Sinéad O’Connor is a musical artist who has had her fair share of controversy. Some might even call her a political activist. I’m not very familiar with her music, but I do love her cover of Prince’s “Nothing Compares to U.” I listened to and read the lyrics of quite a few songs before choosing the one featured here today. Sorry for the late posting.

Please take a moment to read this glowing review by Steven Baltin at Forbes, regarding Sinead’s concert in Los Angeles on February 7 last month.

Sinéad Marie Bernadette O’Connor is an Irish singer-songwriter, was born December 8, 1966 and who rose to fame in the late 1980s with her debut album The Lion and the Cobra. O’Connor achieved worldwide success in 1990 with a new arrangement of Prince’s song “Nothing Compares 2 U”.

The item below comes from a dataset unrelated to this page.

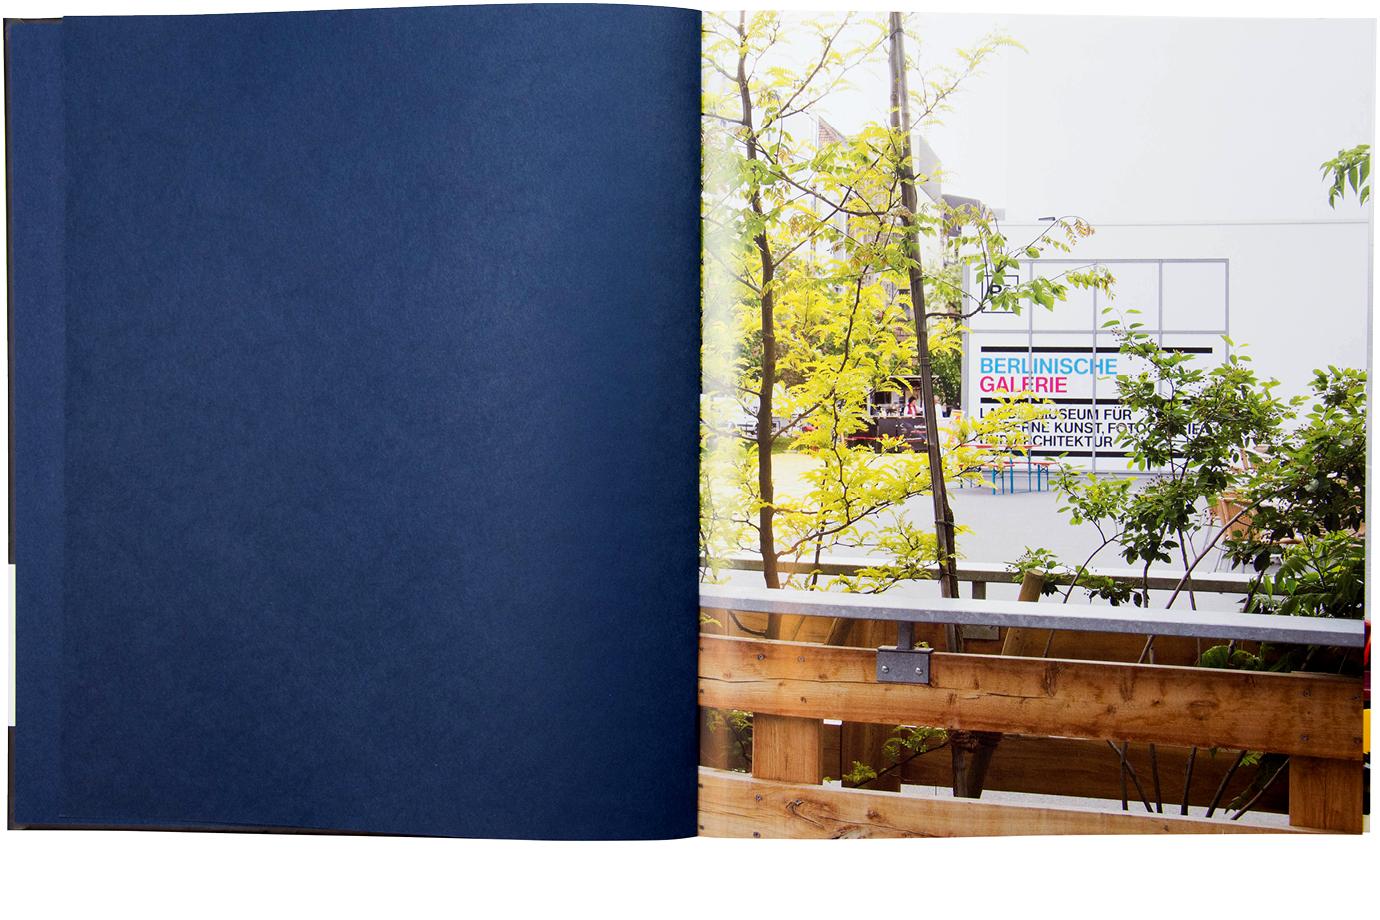 http://e-o-t.de/wordpress/wp-content/uploads/2017/06/2015_eot-BG-Jubilaeum-Book-2.jpg

Since then, while maintaining her singing career, she has occasionally encountered controversy, partly due to her statements and gestures. These include her ordination as a priest, despite being a woman with a Roman Catholic background, and strongly expressing views on organized religion, women’s rights, war, and child abuse. In addition to her ten solo albums, her work includes many singles, songs for films, collaborations with many other artists, and appearances at charity fundraising concerts.

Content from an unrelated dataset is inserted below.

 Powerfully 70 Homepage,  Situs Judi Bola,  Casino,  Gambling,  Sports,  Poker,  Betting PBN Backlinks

In 2017, O’Connor changed her name to Magda Davitt. On converting to Islam in 2018, she changed it to Shuhada’ Sadaqat. However, she continues to record and perform under her original name.

O’Connor was born in Glenageary in County Dublin and was named after Sinéad de Valera, wife of Irish President Éamon de Valera and mother of the doctor presiding over the delivery, and Saint Bernadette of Lourdes. She is the third of five children, sister to novelist Joseph, Eimear, John, and Eoin.

Her parents are Sean O’Connor, a structural engineer later turned barrister and chairperson of the Divorce Action Group, and Marie O’Connor. In 1979 O’Connor left her mother and went to live with her father and his new wife. At the age of 15, her shoplifting and truancy led to her being placed for eighteen months in a Magdalene Asylum, the Grianán Training Centre run by the Order of Our Lady of Charity. In some ways, she thrived there, especially in the development of her writing and music, but she also chafed under the imposed conformity. Unruly students there were sometimes sent to sleep in the adjoining nursing home, an experience of which she later commented, “I have never—and probably will never—experience such panic and terror and agony over anything.”

One of the volunteers at Grianán was the sister of Paul Byrne, drummer for the band In Tua Nua, who heard O’Connor singing “Evergreen” by Barbra Streisand. She recorded a song with them called “Take My Hand” but they felt that at 15, she was too young to join the band. Through an ad she placed in Hot Press in mid-1984, she met Colm Farrelly. Together they recruited a few other members and formed a band called Ton Ton Macoute. The band moved to Waterford briefly while O’Connor attended Newtown School, but she soon dropped out of school and followed them to Dublin, where their performances received positive reviews.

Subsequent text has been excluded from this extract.